And on e-commerce for instance, we look at the number of customers coming on e-commerce. I could go into all of the KPIs, but you really look at the number of customers coming in, what the affinity is, what the fallout rate is, and then you apply that model again and again and again, and step by step you start to reach the... I mean, where we are today is 40% penetration. The ambition is even higher. We will take it for a larger business from 20% to over 50% in penetration for e-commerce.
Amol Chaubal:
To answer your other question on margin expansion, look, the assumptions are very prudent. The underlying business that we are inheriting, we are only making modest assumptions of 30 to 40 basis points of margin expansion each year. Where the margin expansion really comes from is the cost and the revenue synergies, which as we outline, are very real, and prudently estimated, and have high degree of confidence that well achieve the cost synergies in three years, and the revenue synergies in five years. So we feel really comfortable and confident that we can get to 32% margin by year five.
Puneet Souda:
And Amol, following up on that margin question, if I may, at the Investor Day you had laid out a 35% off margin target for 2030, now its 32%. Obviously the mix is going to change here with pro forma. Can you maybe just help us understand, is there conservatism there? Wheres the room for upside? Because now youre projecting a forty-BPS margin expansion annually versus 60 to 70 BPS that you had before. Obviously this has implications for the valuation expectations for Waters that were established at the Investor Day. Thank you.
Amol Chaubal:
Look, the underlying Waters margin profile that we communicated on the Investor Day really doesnt change. The assumptions we are making on BDs standalone business are pretty prudent, and gives us a meaningful upside potential if we are able to execute all the programs that were inheriting from BD on margin expansion well. So weve really suggested those programs, if those programs really work well, there should be a meaningful upside to the standalone margin. And as we discussed on cost and revenue synergies, there is upside to those numbers, and that would further accrete the margin. Whats most critical is when you look at EPS. EPS is already accretive in the first year, and with what we are outlining producers meetings, EPS growth, so financially it is pretty robust. And then you take one step back and look how compelling the combination is. Not one, not two, but all the three life science adjacencies that we have get accelerated. It produces an amazing 70% annually recurring business that brings growth stability on the back of a business that has more than 80% of revenue coming from market-trusted iconic brands. We feel really great about this, because thats going to create long-term meaningful value for shareholders.
Moderator:
Our next question will come from Brandon Couillard with Wells Fargo. Please go ahead.
Brandon Couillard:
Hi, thanks. Good morning. Udit, I think the consensus is modeling somewhere around three to 4% organic growth for the BD assets next couple of years. How did you get comfortable that this business is a mid-single-digit plus-grower? Did you consider just acquiring the flow asset as opposed to the combined entity, to talk about the appeal of two different sides? Thanks.
Dr. Udit Batra:
Let me first start, and Ill let Tom comment on the transaction that was on offer. Look, historically the BD, Bioscience & Diagnostics business has grown mid-single-digit plus. And you rightly commented, there are two portions to it. The flow business, which historically has been a high single-digit grower through thick and thin, and the diagnostics business. And in the diagnostics business itself, 65% is microbiology, where BD defines the category globally. And that has been growing mid-single-digits long term. In the next few years, and in fact, just last year, BD launched first in the flow area, the FACSDiscover S8, which is a new platform, basically its setting a new standard in the industry. And the pre-sales have been tremendous from what we learned from the team. And on the microbiology side, the teams launching a new platform next year where the clinical studies are going extremely well.

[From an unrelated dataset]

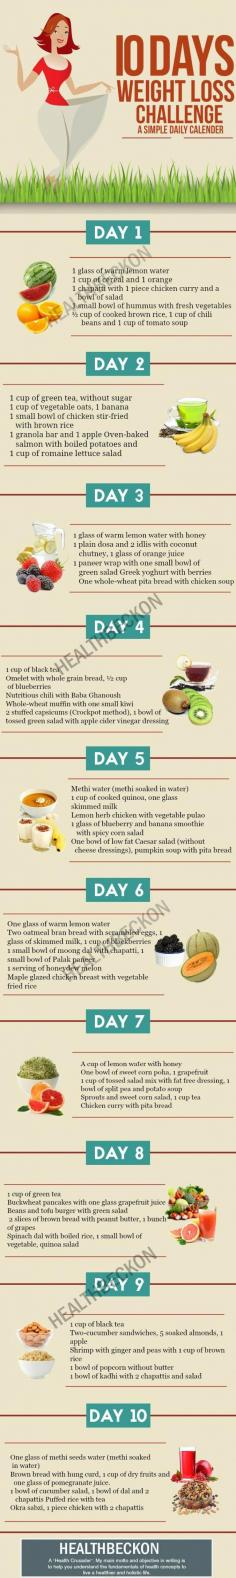 If you too are looking for ways to lose weight and live a healthier life, you have come to the right place! The following tips can help you shed a few pounds, and that too in just 10 days! Weight loss motivation and great weight loss tips here - www.topeffectivediets.ml

So both of these businesses have historically grown, mid-single-digit plus, have had new launches or are coming up with new launches very, very soon that should trigger even further growth. Now if you look at the current trends, as with every other business, theyve experienced one or two challenges in the current timeframe. First, the A&E, and the drug discovery market has been slow, and weve modeled a start of a slow recovery on that front. They had supply issues on the BACTEC business that have been resolved, that started middle of last year, that is now in the baseline, and has been resolved and is nicely coming up through the penetration, and we expect upside from that.
And the third is the slowdown in the China business. And not unlike everybody else, BD also experienced some challenges there with importation of their high-end flow business that has also been resolved. So you take all of those three things, they go into the baseline, you start with a lower base, and you start to grow from that base. And you are very quickly in the mid-single-digit plus range. And for the pro forma business, we think by the end of 2026, well already be in the mid-single-digit plus range for the full year.
Tom Polen:
This is Tom. Just to add on, Udit described it exceptionally well. I would describe it as, as you think about, biosciences has always grown high single digits, as Udit described, and the diagnostics business has always grown mid-single digits. Theres those three areas in the acute short-term over the last 12 months with academic government spending. I would describe the biosciences business as spring-loaded to recover. As that markets come back, its reset at a lower base, and the innovations that were launching are truly changing the category. We just launched the FACSDiscover A8, which is off to an exceptionally strong start. Were ahead of our initial plans by a good margin in terms of the number of instruments purchased there right off the bat. BACTEC, again, there was a supplier issue last year that is fully back with full optimized supply, and the run rate of that has been moving up basically 10 points a quarter back towards its historical level, and very much on track. Thats going to have, obviously, a relatively simple comp as that continues to grow over as we head into next year.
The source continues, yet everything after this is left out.